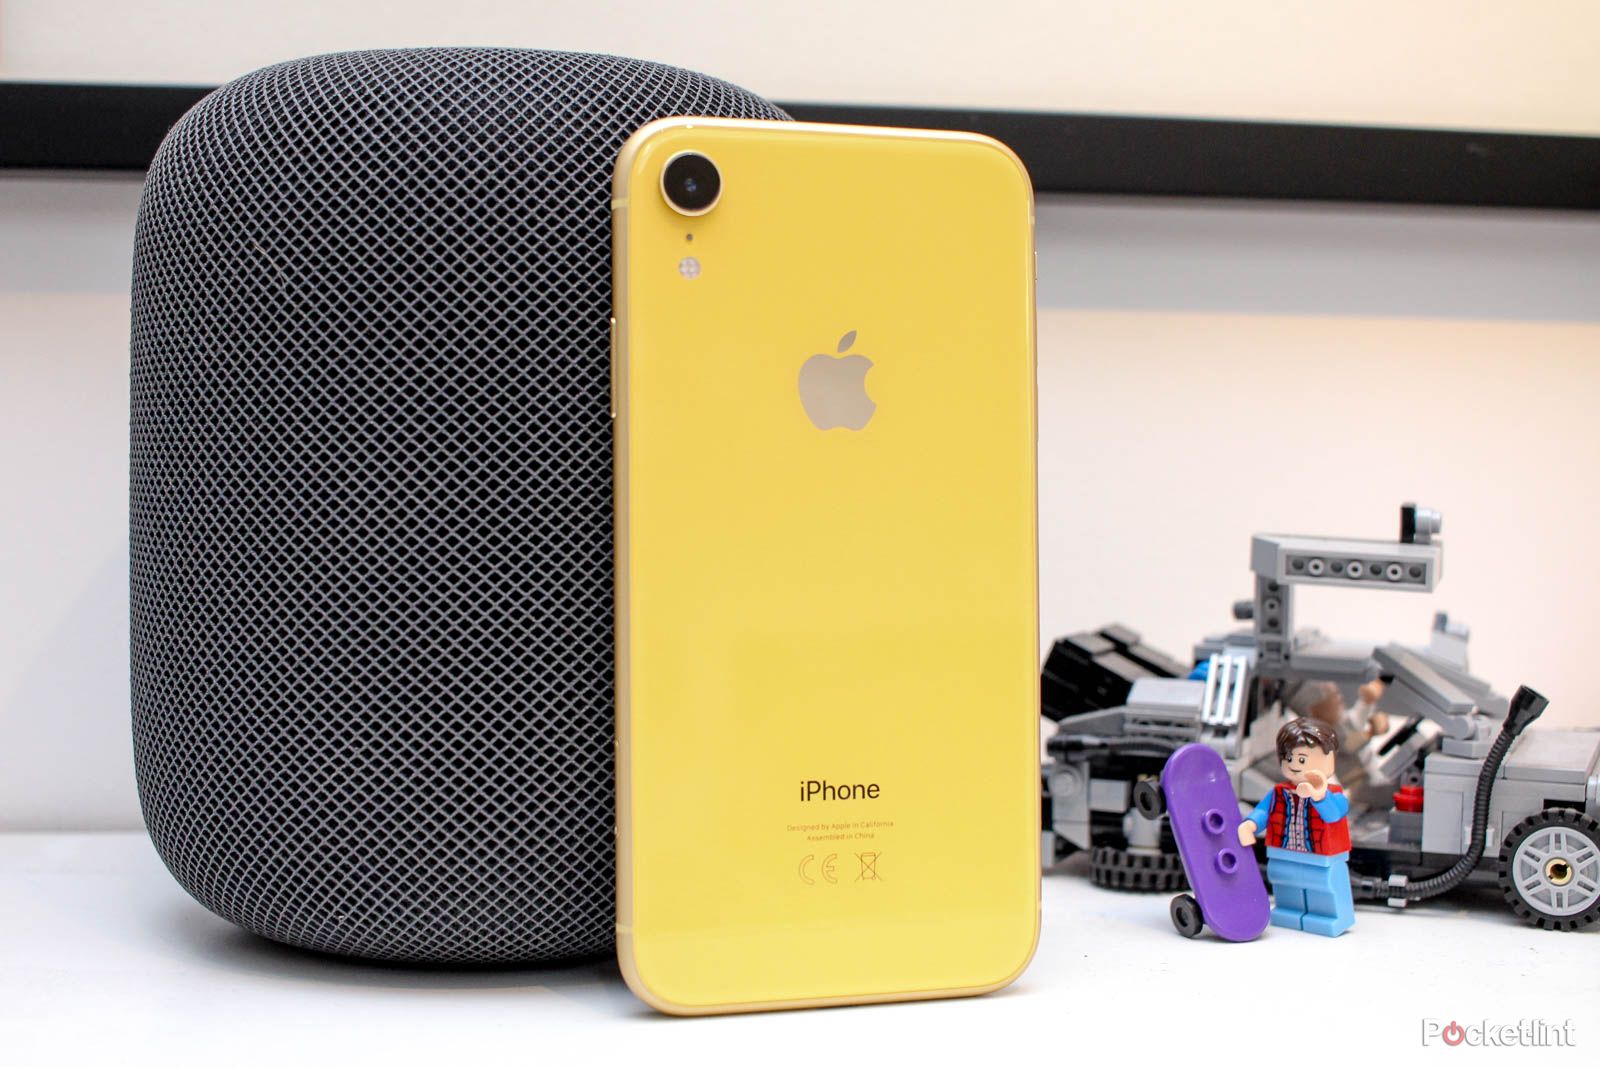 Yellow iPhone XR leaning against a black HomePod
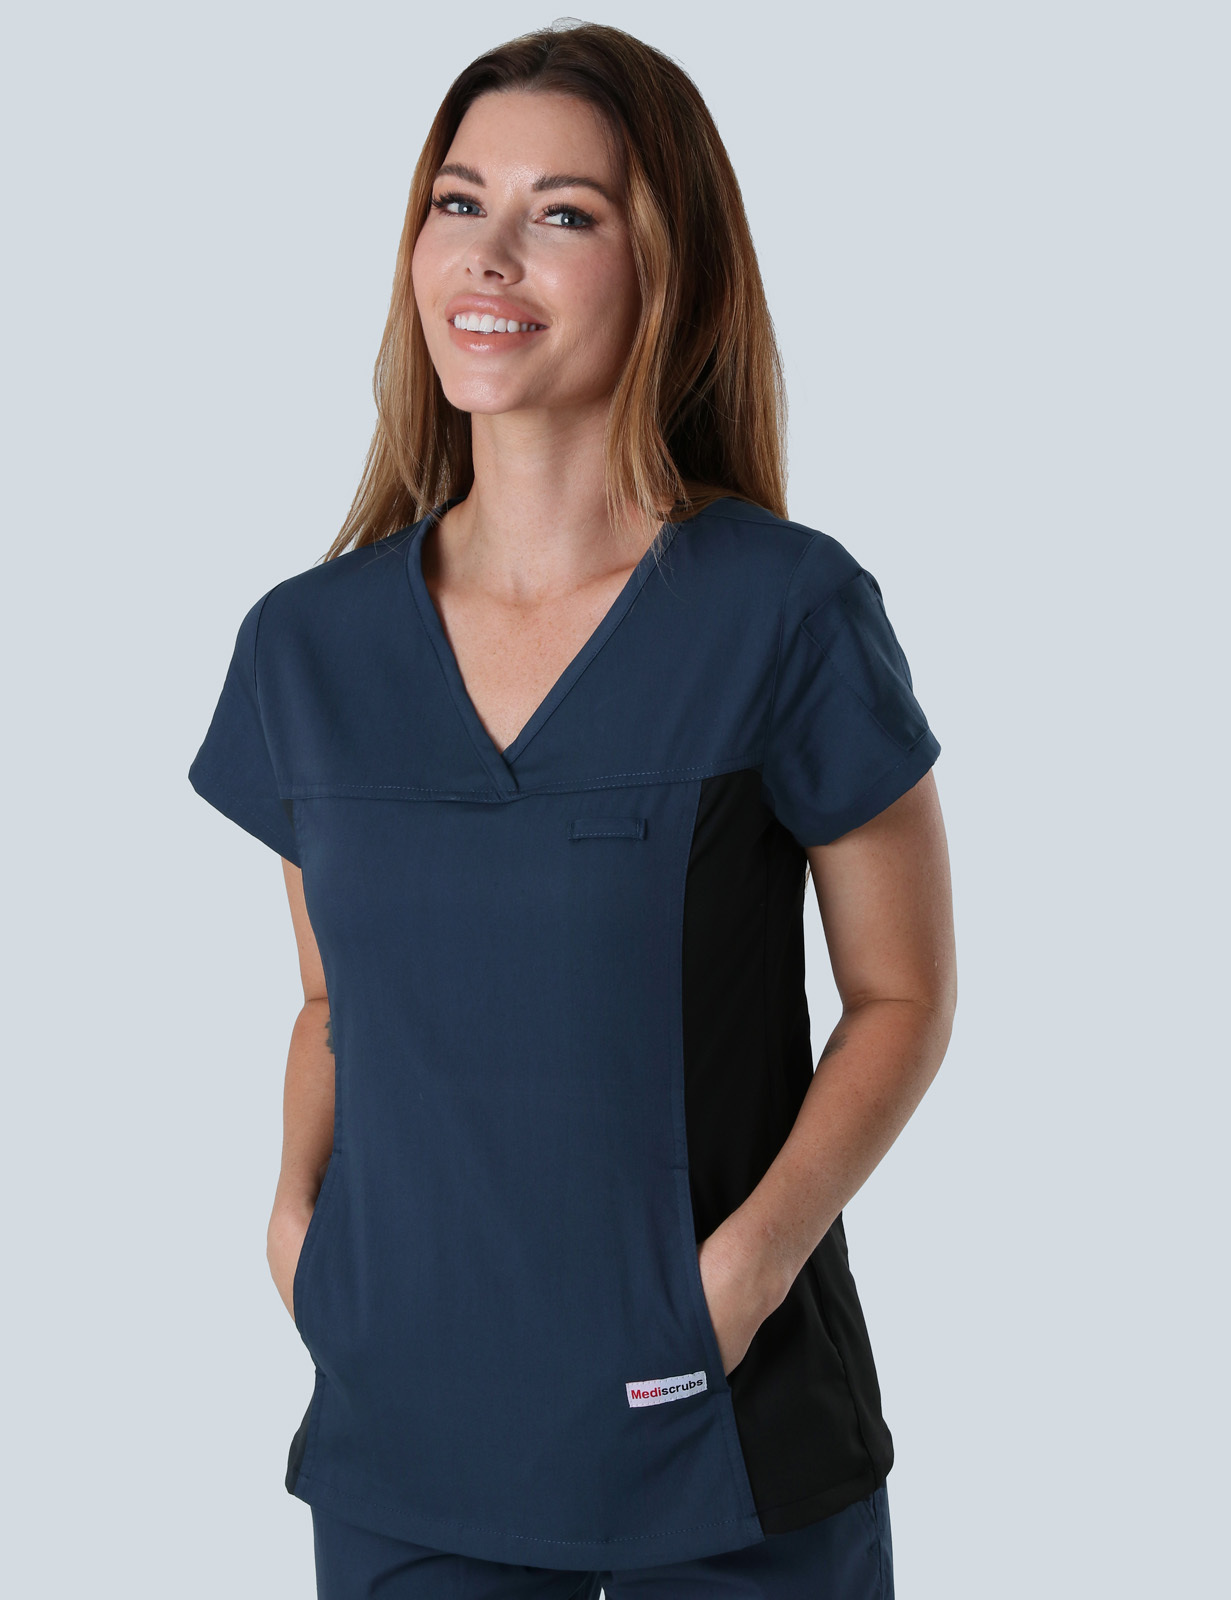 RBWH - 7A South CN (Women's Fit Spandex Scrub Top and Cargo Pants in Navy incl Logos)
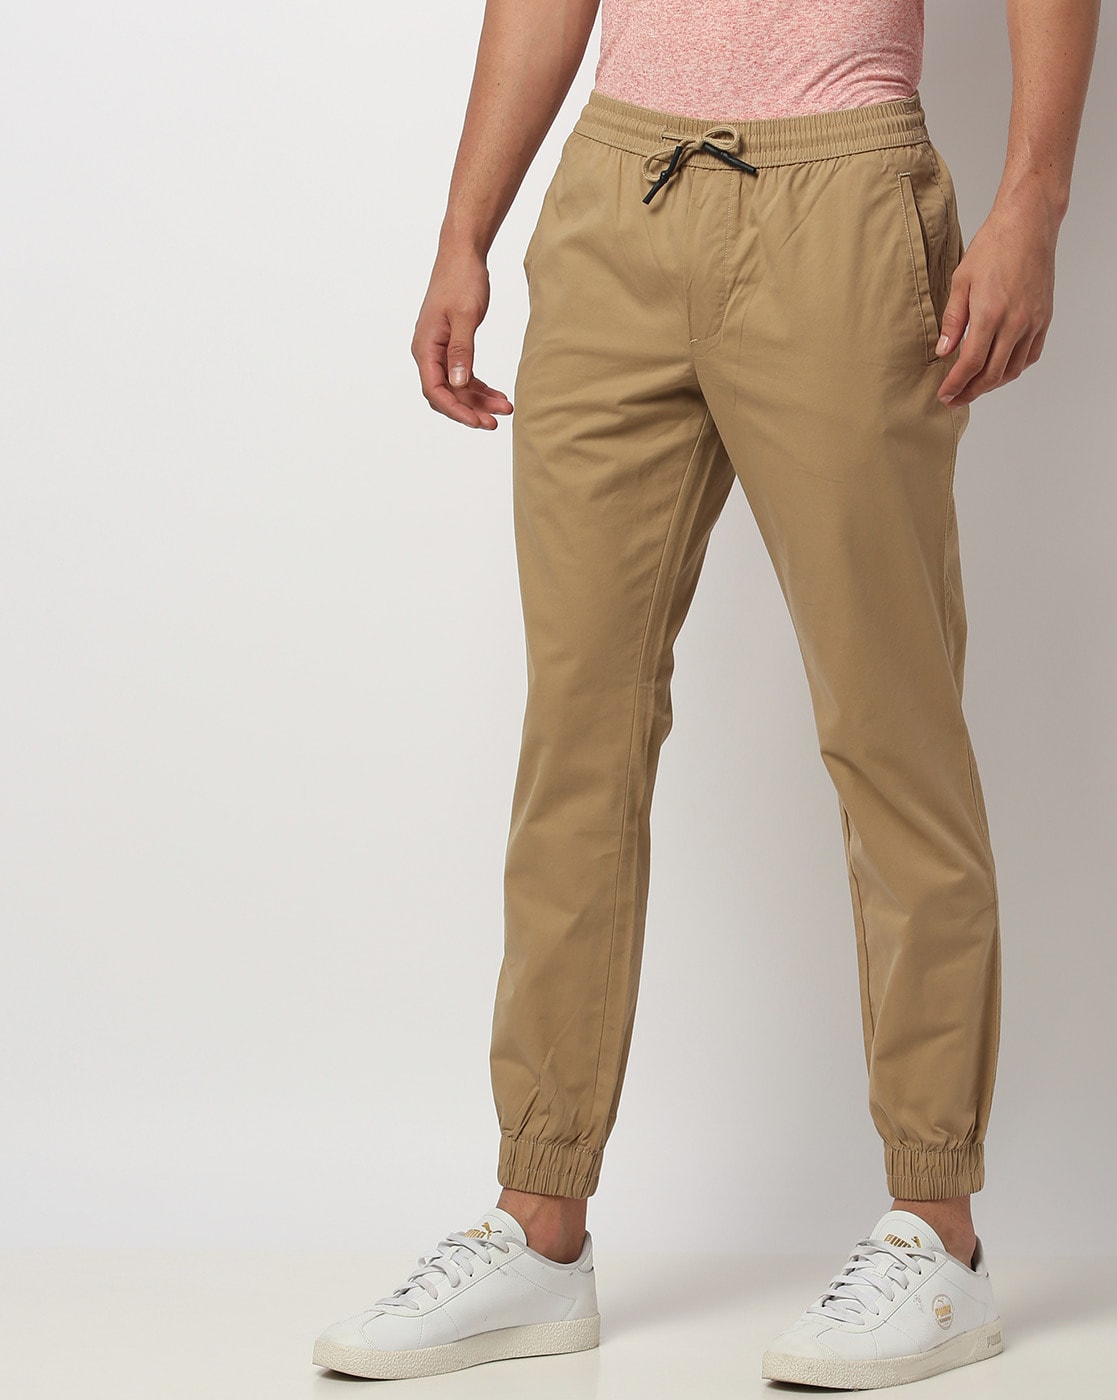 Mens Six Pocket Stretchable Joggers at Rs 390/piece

> [EXERCISE] Retype the data above as given, letting no picture into the copy.

> [WORKED SOLUTION]
 Yellow iPhone XR leaning against a black HomePod
 RBWH - 7A South CN (Women's Fit Spandex Scrub Top and Cargo Pants in Navy incl Logos)
 Mens Six Pocket Stretchable Joggers at Rs 390/piece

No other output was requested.